A comparative study on effect of curing temperature on the properties of silica fume concrete
Loading...
Date
2025
Journal Title
Journal ISSN
Volume Title
Publisher
UMT. Lahore
Abstract
This thesis investigates the influence of curing temperature on the mechanical and physical
properties of concrete incorporating silica fume as a partial cement replacement. Silica fume,
known for its pozzolanic reactivity and ability to enhance concrete strength and durability, was
evaluated under various curing conditions including ambient curing, steam curing, and water
curing. The experimental findings of this study demonstrate that incorporating silica fume as a
partial replacement of cement significantly influences the strength development and
workability of concrete. It was observed that higher dosages of silica fume negatively affect
workability due to increased water demand, attributed to its high fineness and surface area.

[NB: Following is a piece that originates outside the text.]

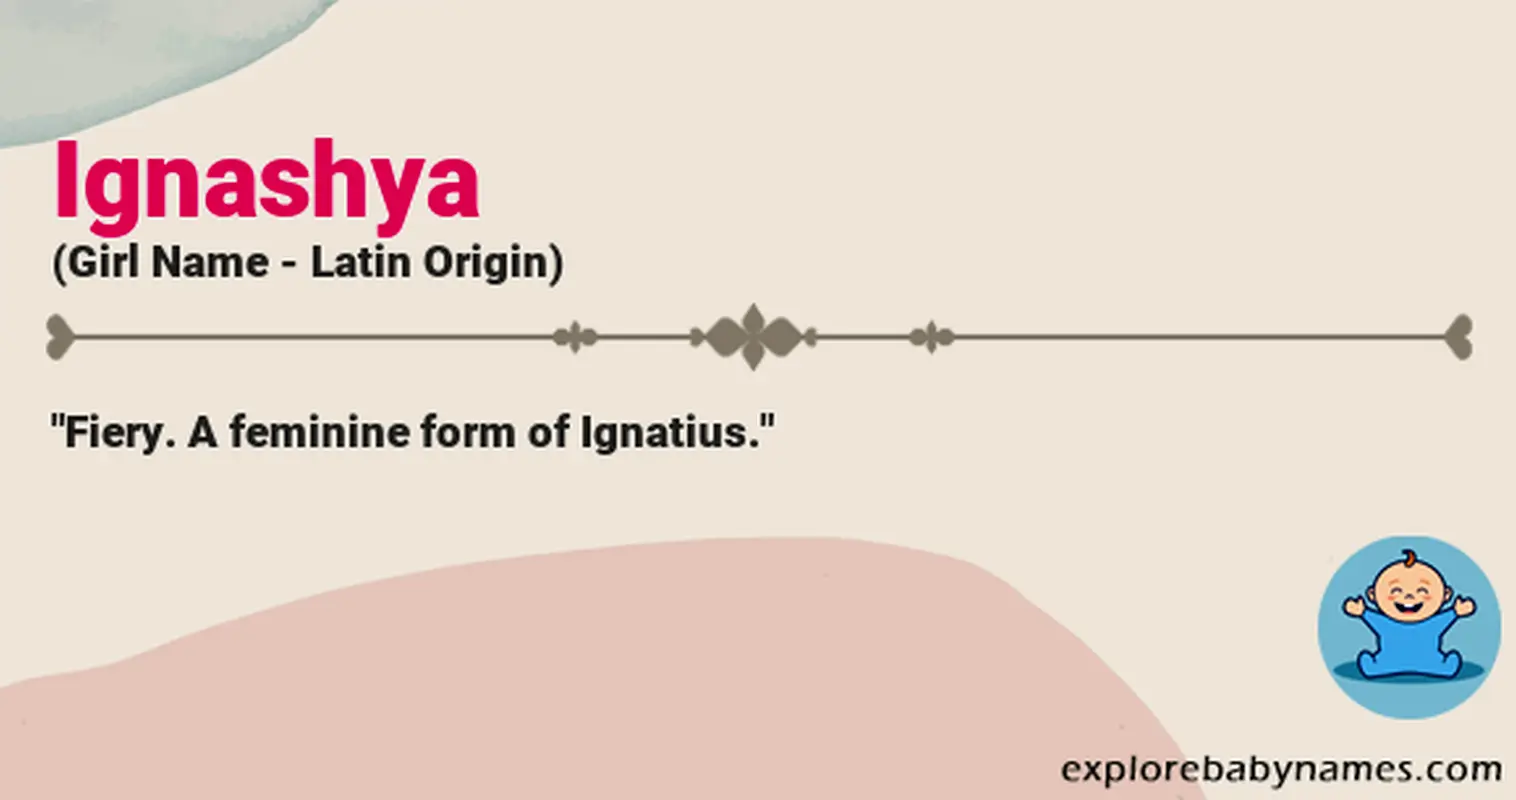 Meaning of Ignashya

However, replacement levels between 5% and 15% yielded the most favorable results, offering
an optimal balance between workability and compressive strength.
At early ages (3 days), concrete mixes within this replacement range showed improved strength
development, indicating the initiation of the pozzolanic reaction. This trend is consistent with
previously published literature and confirms that silica fume enhances early-age performance
without compromising fresh properties when used in moderate quantities. Moreover, the
strength of concrete continued to increase at 28 days, as the pozzolanic reaction became more
pronounced over time, contributing to a denser microstructure and higher compressive strength.
Additionally, curing at elevated temperatures (such as 37°C) was found to accelerate the rate
of hydration and pozzolanic activity, resulting in higher early-age strength compared to curing
at ambient or lower temperatures.
Overall, the study concludes that 5–15% silica fume replacement, combined with proper
temperature-controlled curing conditions, can significantly enhance the mechanical properties
of concrete, especially in strength development, while maintaining acceptable workability.